MP Flexibiliza Regras Trabalhistas, Tais Como Férias e Banco de Horas, para Enfrentamento ao Covid-19

Diante do atual cenário de pandemia global causado pelo coronavírus, foi editada e publicada a Medida Provisória nº 927, de 22 de março de 2020, que dispõe sobre as medidas trabalhistas para enfrentamento do estado de calamidade pública reconhecido pelo Decreto Legislativo nº 6, de 20 de março de 2020.

A despeito da situação de quarentena que se observa em todo o país, adiantamos que todo o nosso time segue atuando em regime de teletrabalho.

Nossos colaboradores seguem atuando e atuando em segurança, à inteira disposição de nossos clientes, fornecedores e demais parceiros de negócios. Seguimos todos a postos para continuarmos assessorando no esclarecimento de dúvidas e no cumprimento de todas as obrigações que estão e que permanecerem em vigor.

E na esteira destes trabalhos, ressaltamos aqui alguns pontos da medida provisória em questão:

Do Conteúdo e dos Objetivos da Medida Provisória nº 927, de 22 de março de 2020:

A nova Medida Provisória traz que, durante o estado de calamidade pública, o empregado e o empregador poderão celebrar acordo individual escrito, a fim de garantir a permanência do vínculo empregatício, que terá preponderância sobre os demais instrumentos normativos, legais e negociais, respeitados os limites estabelecidos na Constituição Federal.

Tal previsão vem ao encontro do anseio de vários setores econômicos, preocupados com a desaceleração da economia neste período de esforços no combate à pandemia, e que passam a poder contar com regras que, entre outras medidas, permitem a redução da jornada de trabalho e da remuneração dos trabalhadores, o que recomendamos que seja feito, se for o caso, observando sempre a proporção da jornada reduzida, salvo disposições mais benéficas para os trabalhadores.

As regras deste ato normativo vieram para flexibilizar a legislação trabalhista aplicável e adaptá-la ao atual contexto, pois até então, as poucas alternativas dispostas nas regras em vigor passavam apenas por hipóteses como a possibilidade de se celebrar acordo individual para negociar a redução da jornada e do salário com os chamados empregados “hipersuficientes”, que são aqueles que têm ensino superior e ganham, no mínimo, duas vezes o valor do teto da Previdência Social como remuneração (R$12.202,12 atualmente). Ou ainda, a redução da jornada de trabalho com a redução proporcional do salário de todos os empregados, considerando os motivos de força maior que a declaração da pandemia impôs, nos termos do art. 503 da CLT, que limita tal redução a 25%, valendo ressaltar que não é unânime, entre julgadores e doutrinadores, a recepção deste dispositivo da CLT pela Constituição Federal.

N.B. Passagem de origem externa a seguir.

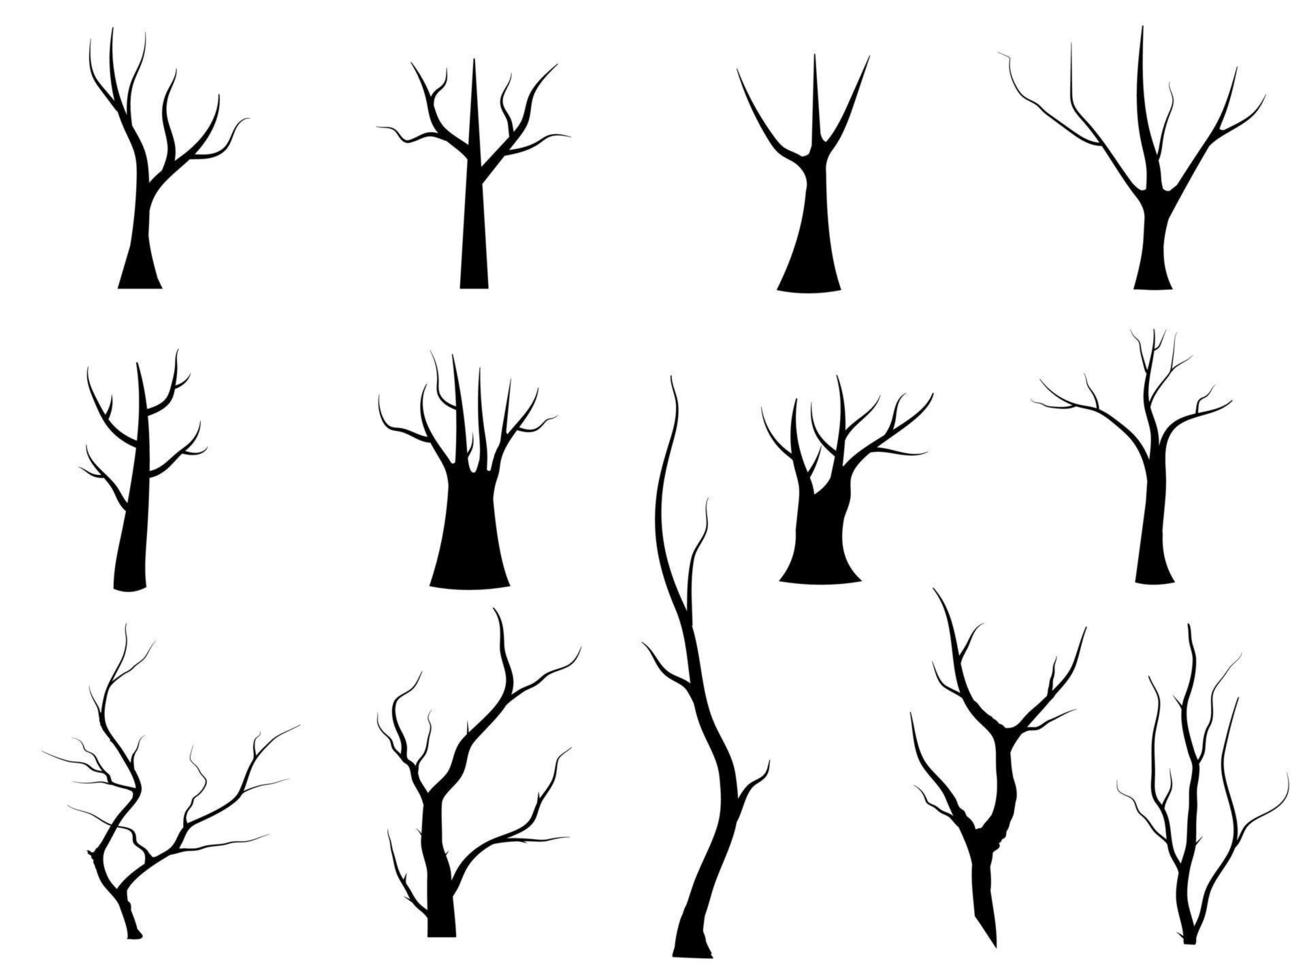 silueta de árbol de rama negra aislada sobre fondo blanco, vector dibujado a mano.

De todo modo, quanto aos empregadores que já se anteciparam, celebrando alguma avença neste contexto, a Medida Provisória prevê que ficam convalidadas as medidas trabalhistas adotadas por empregadores que não contrariem o disposto nesta Medida Provisória, tomadas no período dos trinta dias anteriores à data de sua entrada em vigor.

E para flexibilizar as normas aplicáveis, visando o enfrentamento dos efeitos econômicos decorrentes do estado de calamidade pública e a preservação do emprego e da renda, evitando demissões e a paralização da atividade econômica, o ato normativo traz que poderão ser adotadas pelos empregadores, dentre outras, as seguintes medidas:

a) Teletrabalho;

b) Antecipação de férias individuais;

c) Concessão de férias coletivas;

d) Aproveitamento e a antecipação de feriados, mediante indicação expressa dos feriados aproveitados, sendo que o aproveitamento de feriados religiosos dependerá de concordância do empregado, manifestada por escrito;

e) Banco de horas;

f) Suspensão de exigências administrativas em segurança e saúde no trabalho;

g) Direcionamento do trabalhador para qualificação.

Do Teletrabalho:
No que diz respeito à possibilidade de alterar o regime de trabalho presencial para o teletrabalho, o trabalho remoto ou outro tipo de trabalho a distância, essa alteração poderá ser estabelecida entre as partes independentemente da existência de acordos individuais ou coletivos, dispensado o registro prévio da alteração no contrato individual de trabalho.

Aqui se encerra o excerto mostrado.